:: What is expected ::
Using the listing below, output only the lines from the one that contains "Pantalón regular fit tiro alto azul" through the one that contains "Evo Lite - Apple", inclusive, exactly as given and without images.

:: The data ::
- - -

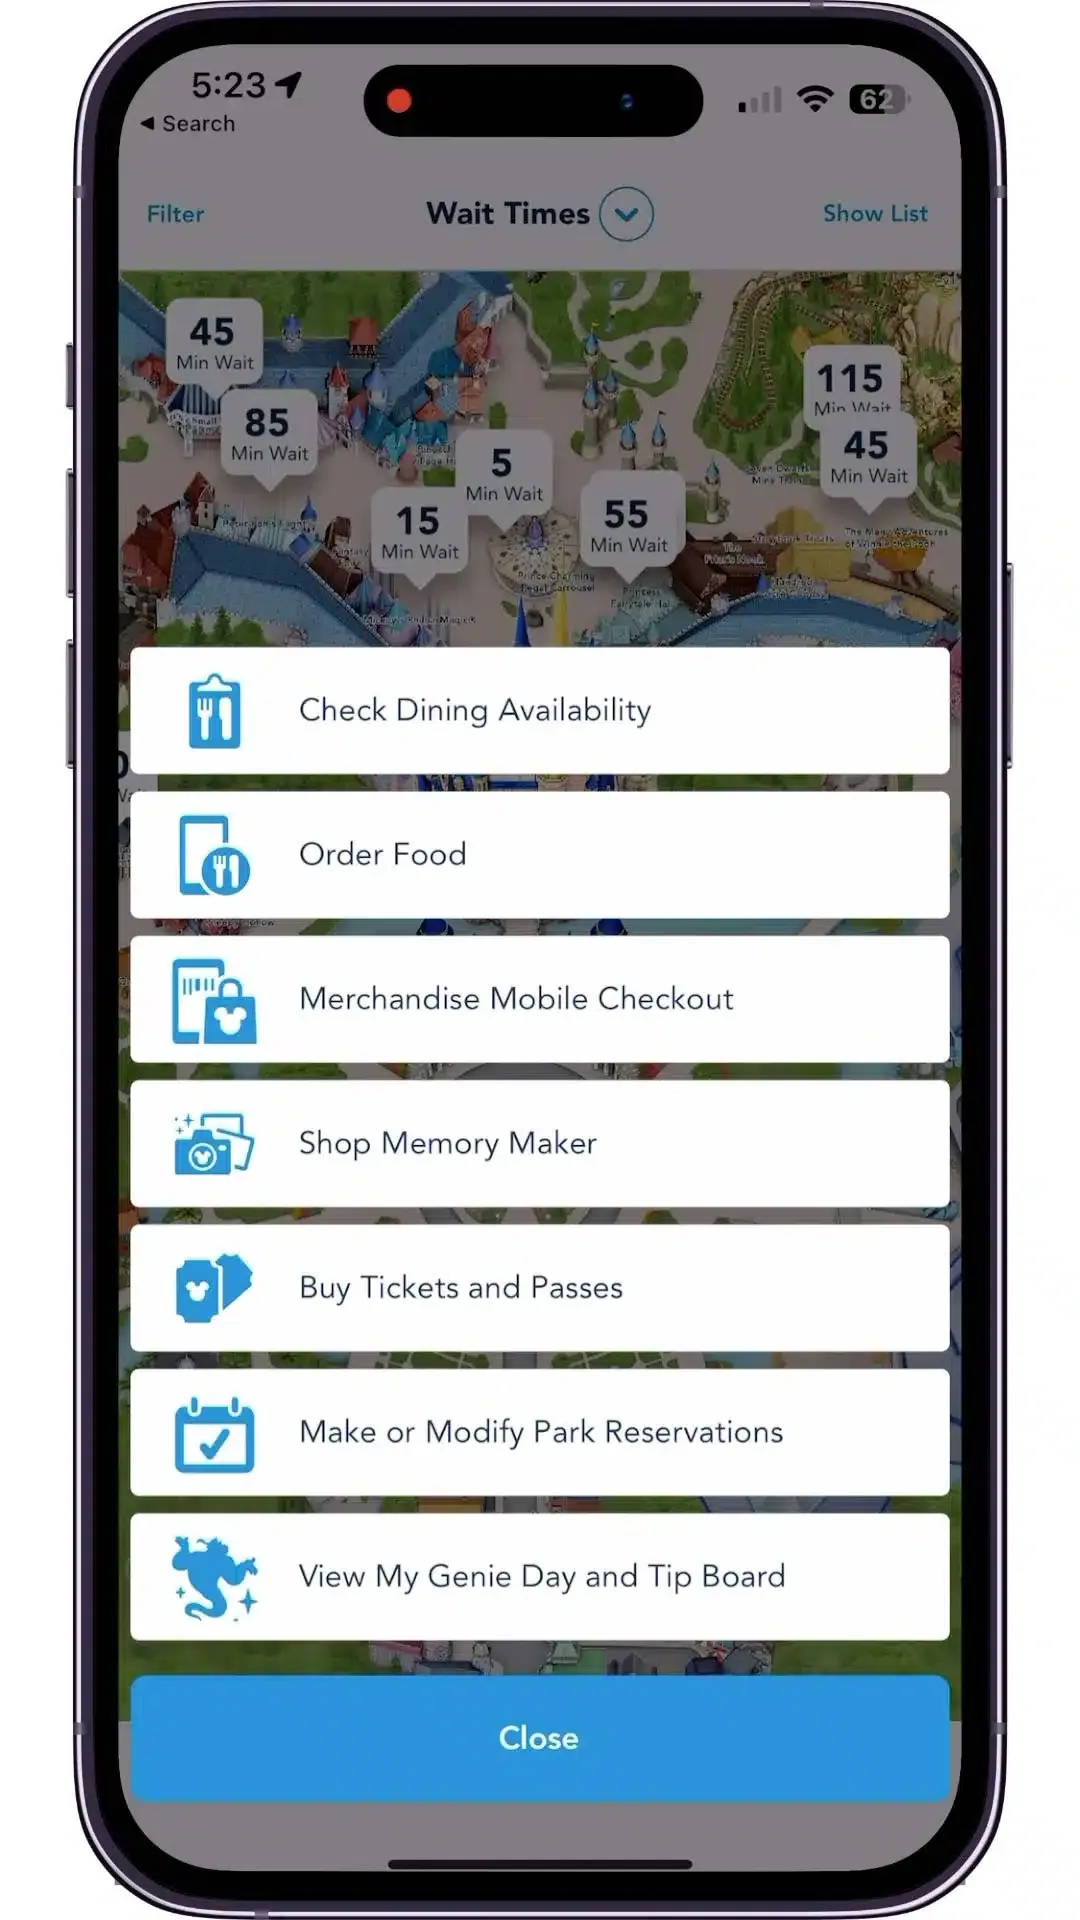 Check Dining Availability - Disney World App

- - -

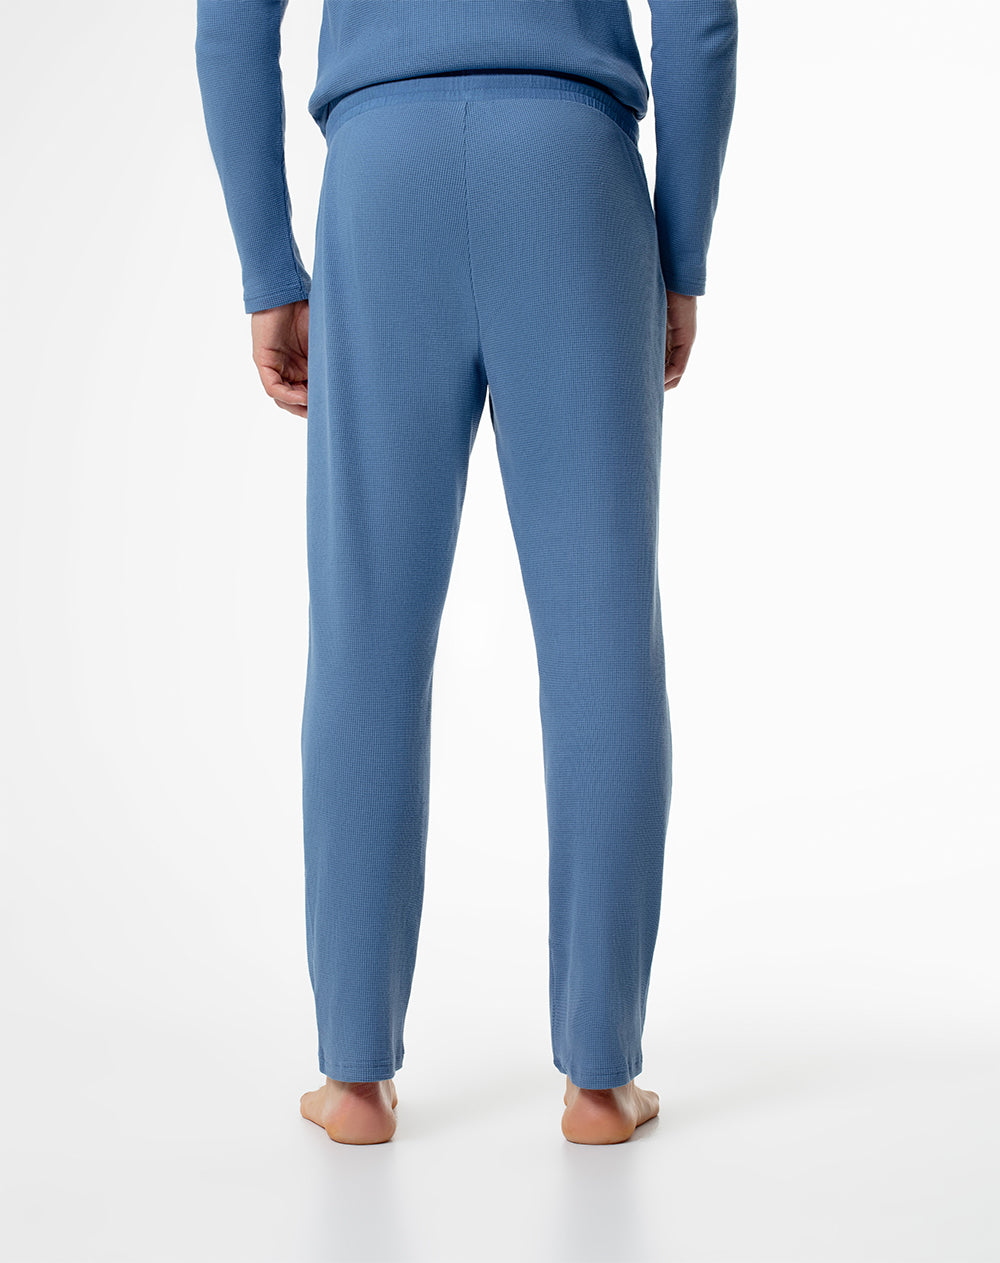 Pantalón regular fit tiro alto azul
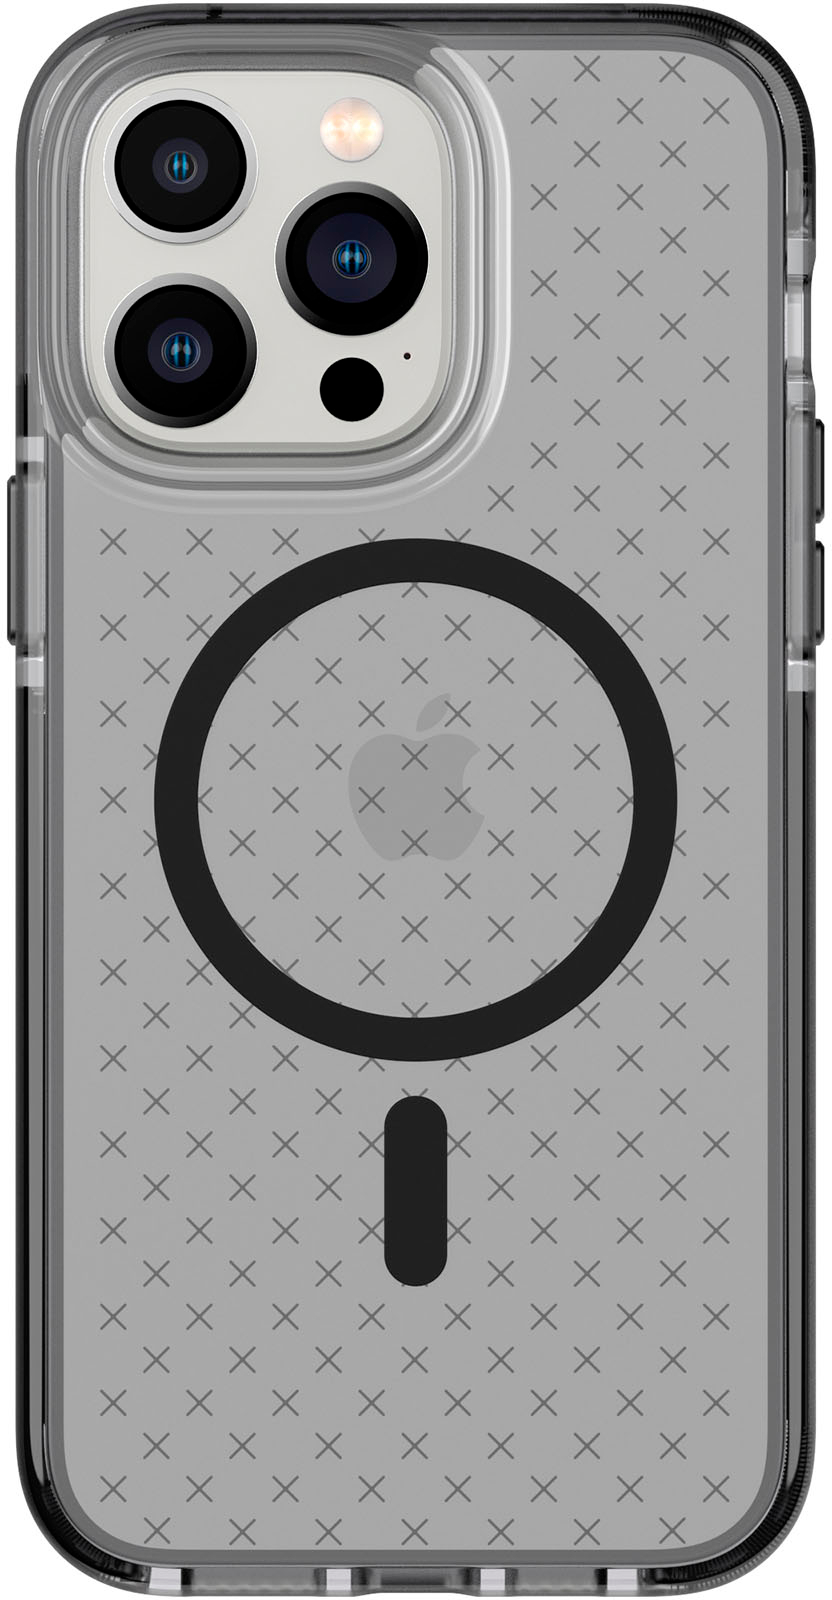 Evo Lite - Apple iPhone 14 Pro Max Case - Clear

- - -

:: Worked solution ::
 Pantalón regular fit tiro alto azul
 Evo Lite - Apple iPhone 14 Pro Max Case - Clear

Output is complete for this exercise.